┌─ INFORMATION SHOWN

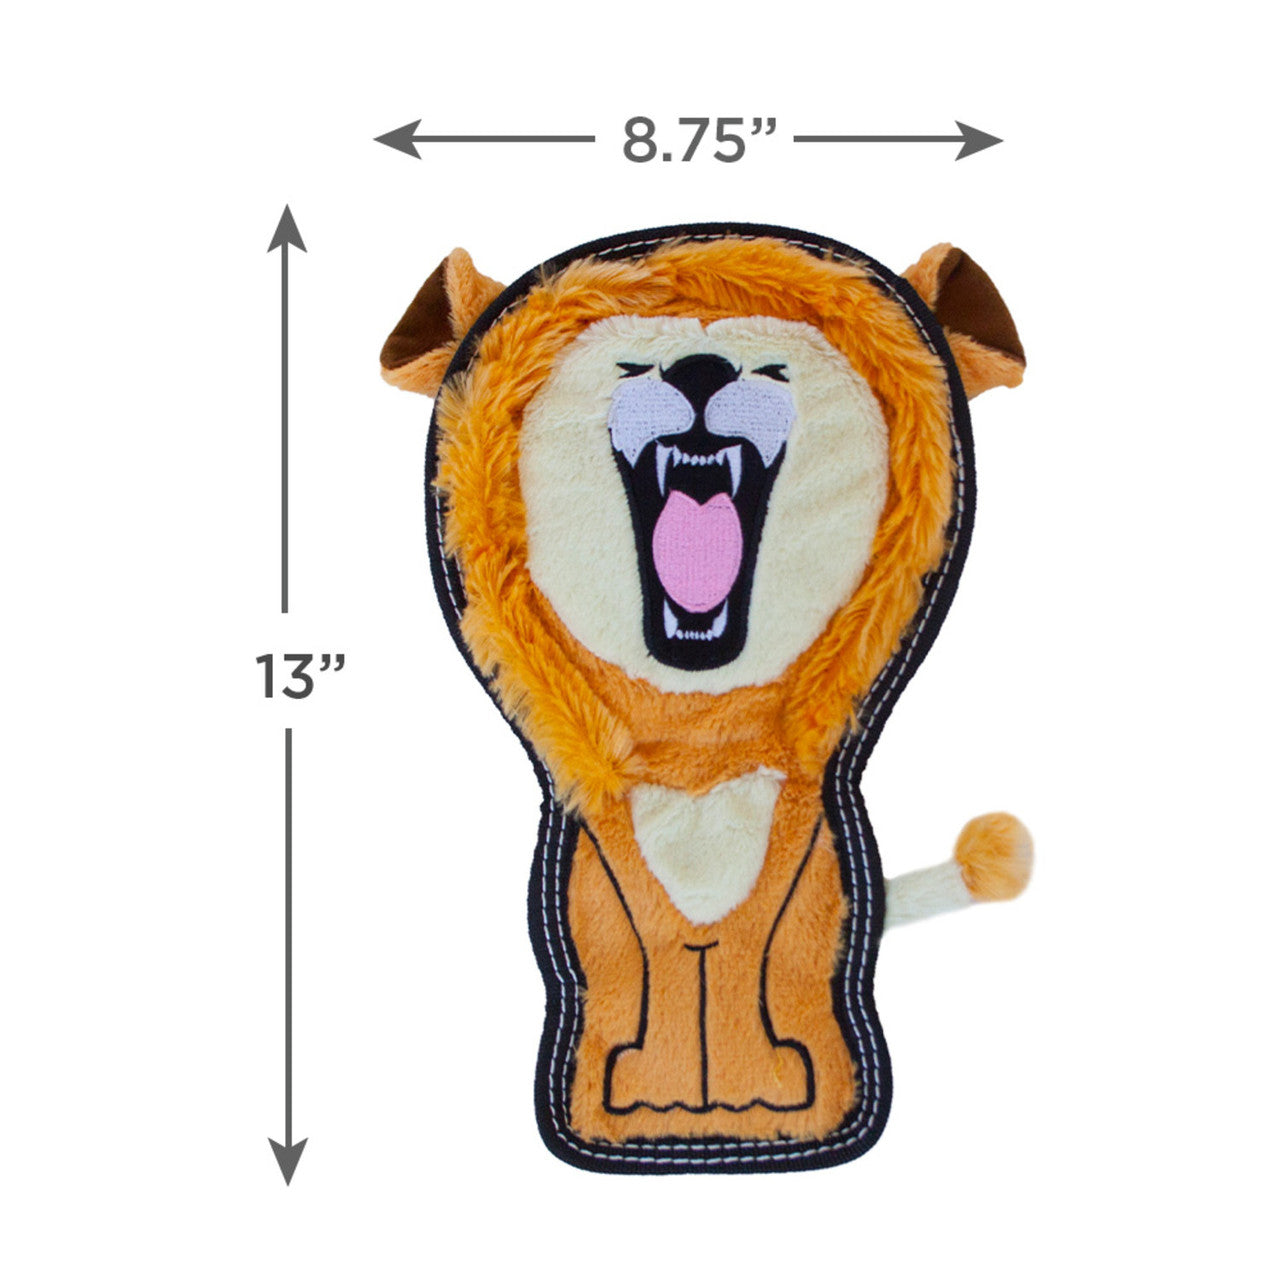 Outward Hound Tough Seamz  Lion Medium  |  No-Stuffing Squeaky Plush Toy
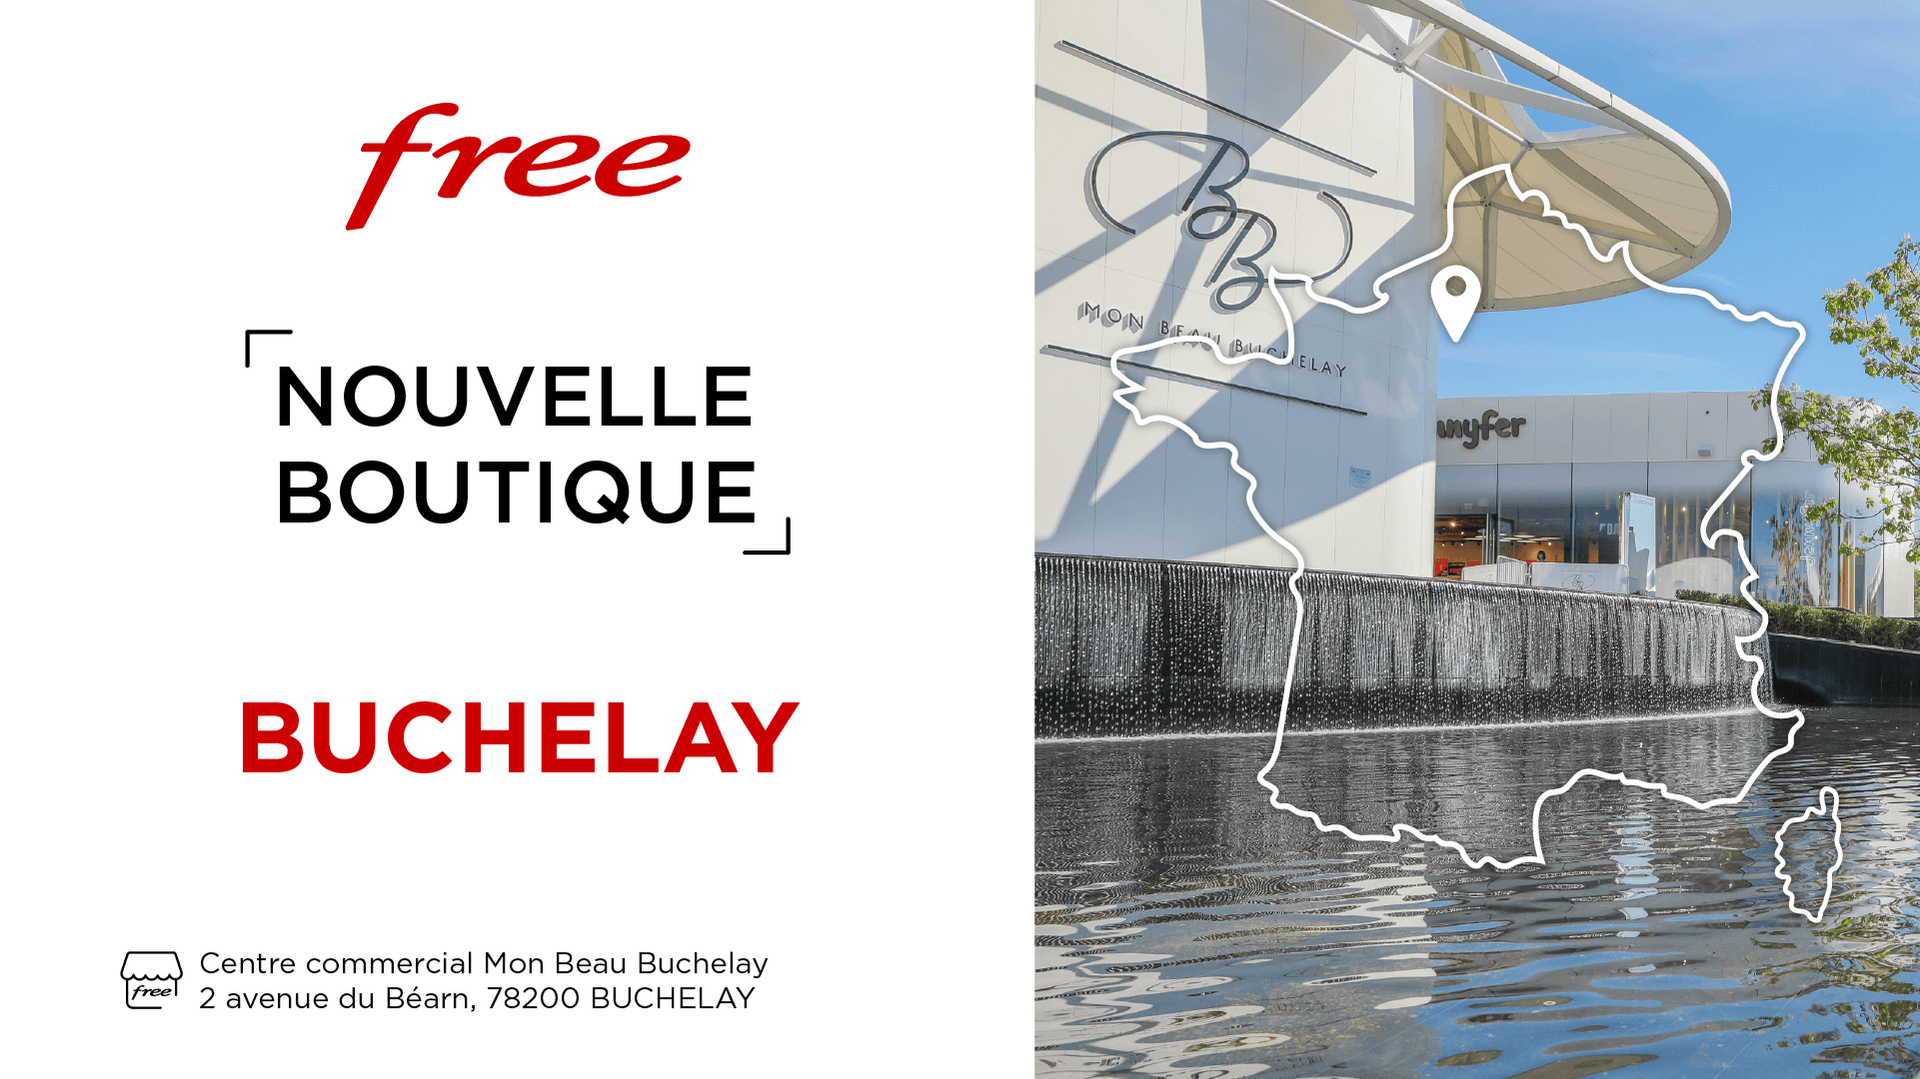 Boutique Free : découvrez la nouvelle boutique de Buchelay
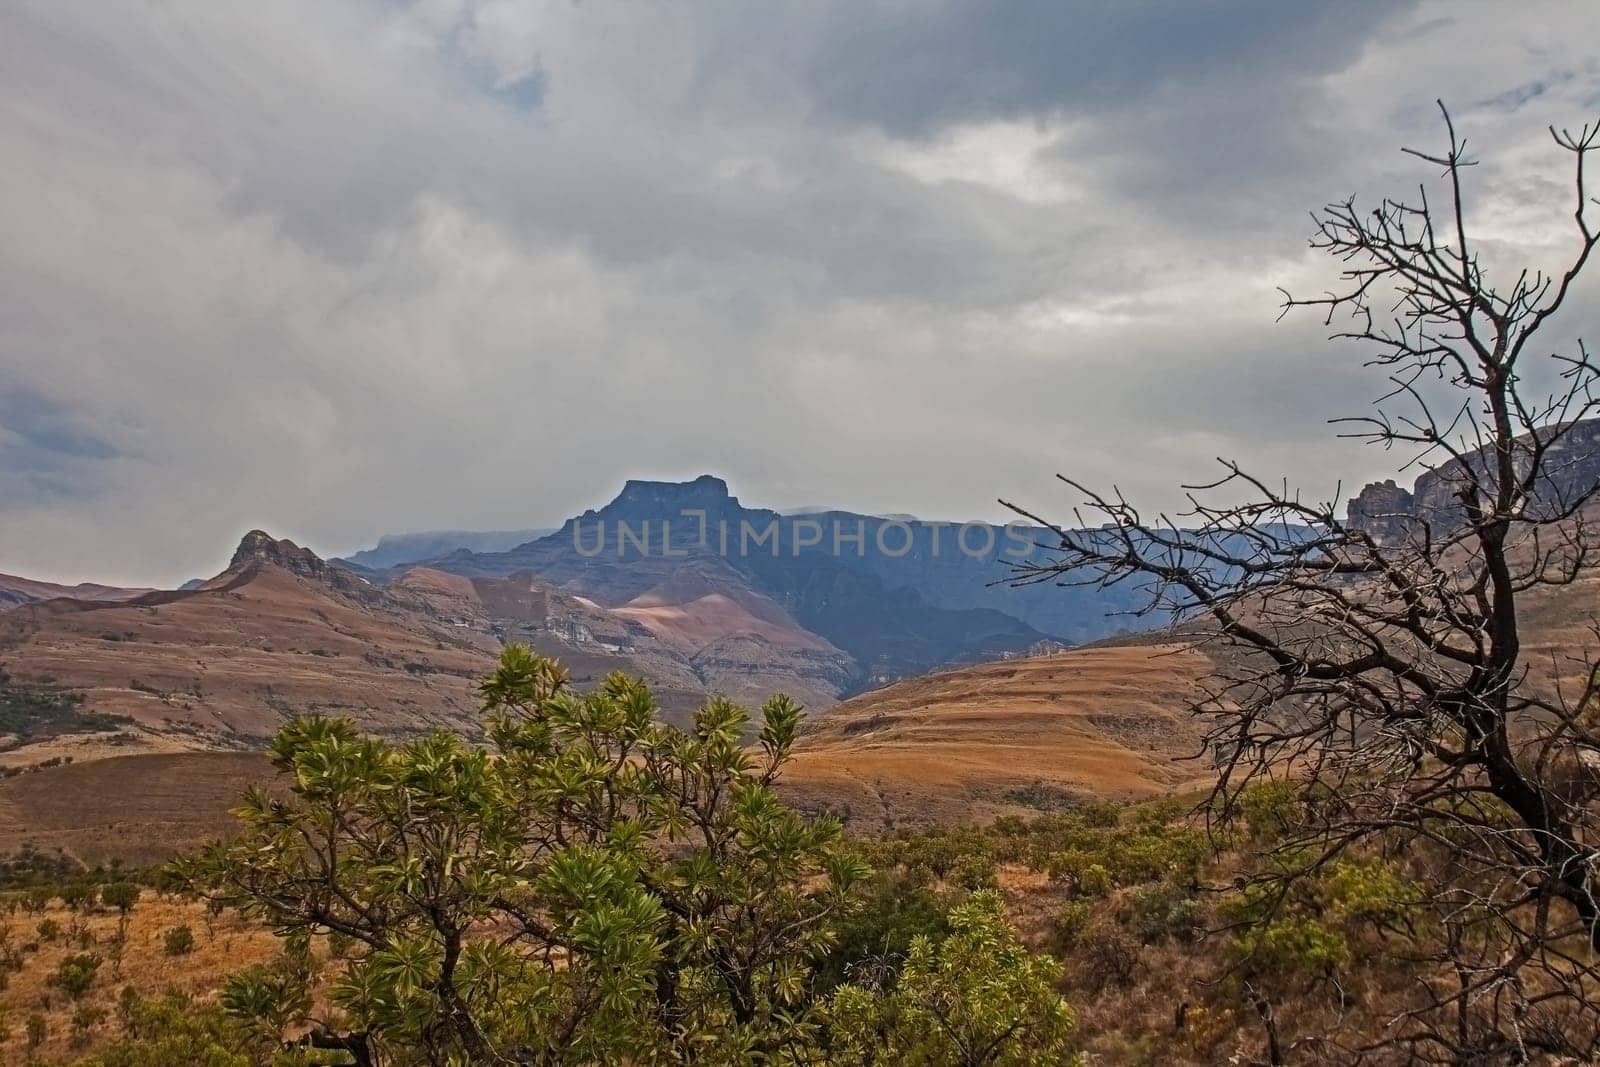 Drakensberg Mountain scene 15595 by kobus_peche
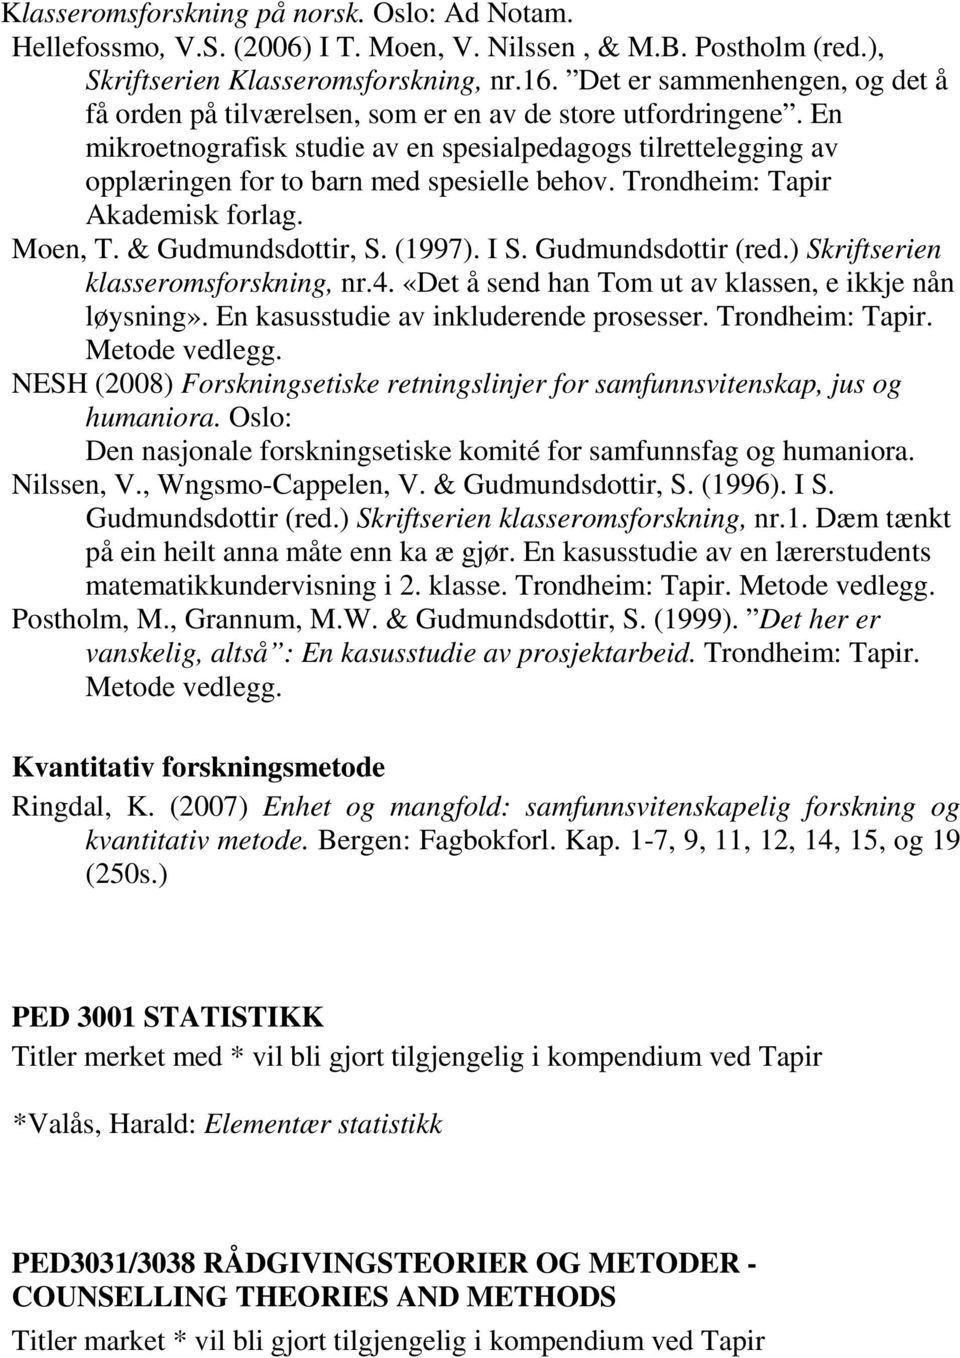 En mikroetnografisk studie av en spesialpedagogs tilrettelegging av opplæringen for to barn med spesielle behov. Trondheim: Tapir Akademisk forlag. Moen, T. & Gudmundsdottir, S. (1997). I S.

└─

### EXERCISE DESCRIPTION
The preceding listing must be repeated exactly, with all images dropped.

### PROBLEM SOLUTION
 Outward Hound Tough Seamz  Lion Medium  |  No-Stuffing Squeaky Plush Toy
 Boutique Free : découvrez la nouvelle boutique de Buchelay
 Drakensberg Mountain scene 15595 by kobus_peche
 En mikroetnografisk studie av en spesialpedagogs tilrettelegging av opplæringen for to barn med spesielle behov. Trondheim: Tapir Akademisk forlag. Moen, T. & Gudmundsdottir, S. (1997). I S.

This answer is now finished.